My plaster of paris is not hardening. What could the problem be?


----------



## Thumper7 (Aug 23, 2009)

Could be that your plaster has been exposed to moisture, too much water in the mix, or there were contaminants in the mixing bowl or water.


----------



## klown82 (Oct 9, 2009)

Sylviar said:


> My plaster of paris is not hardening. What could the problem be?


How long did you let it dry?


----------



## Sylviar (Sep 28, 2009)

It's been standing for a week and here in Namibia it's very hot.


----------



## klown82 (Oct 9, 2009)

Oh... IMO I think the problem is in the mix... Can you add more power? But that's weird because the water in the mix should evaporate. If its really hot outside, did you tought about taking it outside?


----------



## Tiny Terrors (Sep 25, 2009)

Plaster of paris is a chemical reaction not an evaporative process. True, plaster will give off water vapor as it cures, and will shrink ever so slighty.
But from the description, it could be that the proportions of water to plaster are incorrect. 
Remember that water represents the volume (amount) of plaster that you need. Usually, the ratio works out to 1 part water to 3 parts plaster, give or take.
If I'm making a casting, (after prepping my mold) I fill my mold with water, then pour that water into my mixing container, plus about 1/4 cup extra. Then I start adding the dry plaster. Spinkle it into the water. DO NOT STIR JUST YET.
Keep adding plaster until all the water has been absorbed. (This takes more plaster than you think) Once all the water has been absorbed THEN you can begin stirring. Stir slowly to avoid air bubbles which will weaking the plaster.
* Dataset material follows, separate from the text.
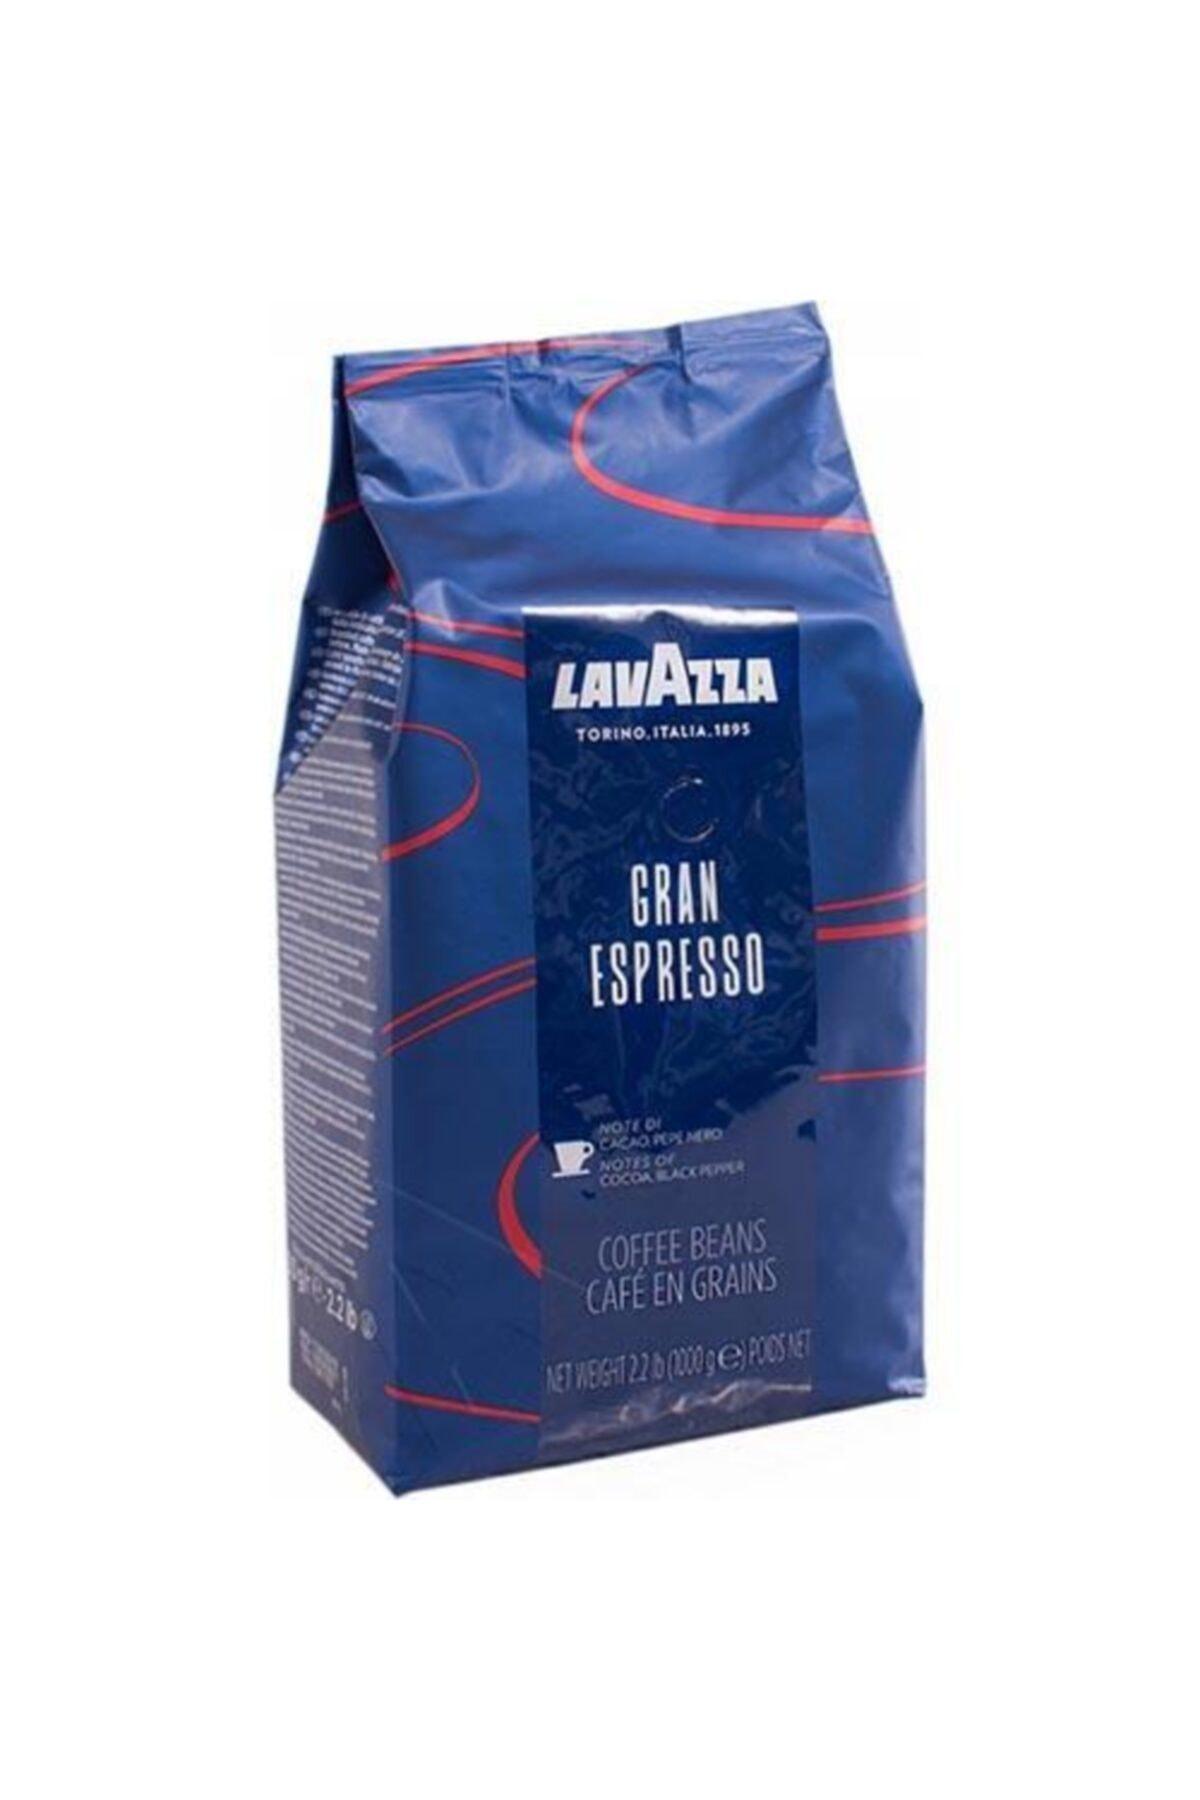 LavAzza Gran Espresso Blue Çekirdek Kahve 1 Kg 2

Once the plaster is throughly mixed, pour slowly into you mold. 
If you star with cold water or even better, ice water, you can increase your working time.
It should take about 30-45 minutes for the plaster to set. It will give off heat during that initial setting process. To test readiness, scrape/scratch the back of the casting. If your scratch tool come out clean- like testing a cake- then you can de-mold, if not wait another fifteen minutes and test again. If you casting is really large, it may take over an hour. 
Once your casting has set, remove it from the mold right away. This allows the chemical reaction to continue and give off water vapor. It can take about a week for some pieces to cure. As its curing, remember to rotate the piece so the surfaces are evenly exposed to the air. You'll know it's cured when you can tap on it and it "rings" (tap on a ceramic dish for comparison). If it "thumps", it's still wet.
Hope this helps


----------



## klown82 (Oct 9, 2009)

Thanks for the tip Tiny Terrors, I didn't know about the chemical reaction


----------



## Junit (Sep 1, 2008)

Thanks for all the info tiny terrors! I've only used plaster once, but had no problems. The only thing i've ever been told is to use cold water. And dip your finger into the plaster, pull it out and if a drop forms on the end of your finger but doesn't fall off then you have a good consistency.


----------



## Sylviar (Sep 28, 2009)

Thanx a lot for all your help. I will try again and see what happens.


----------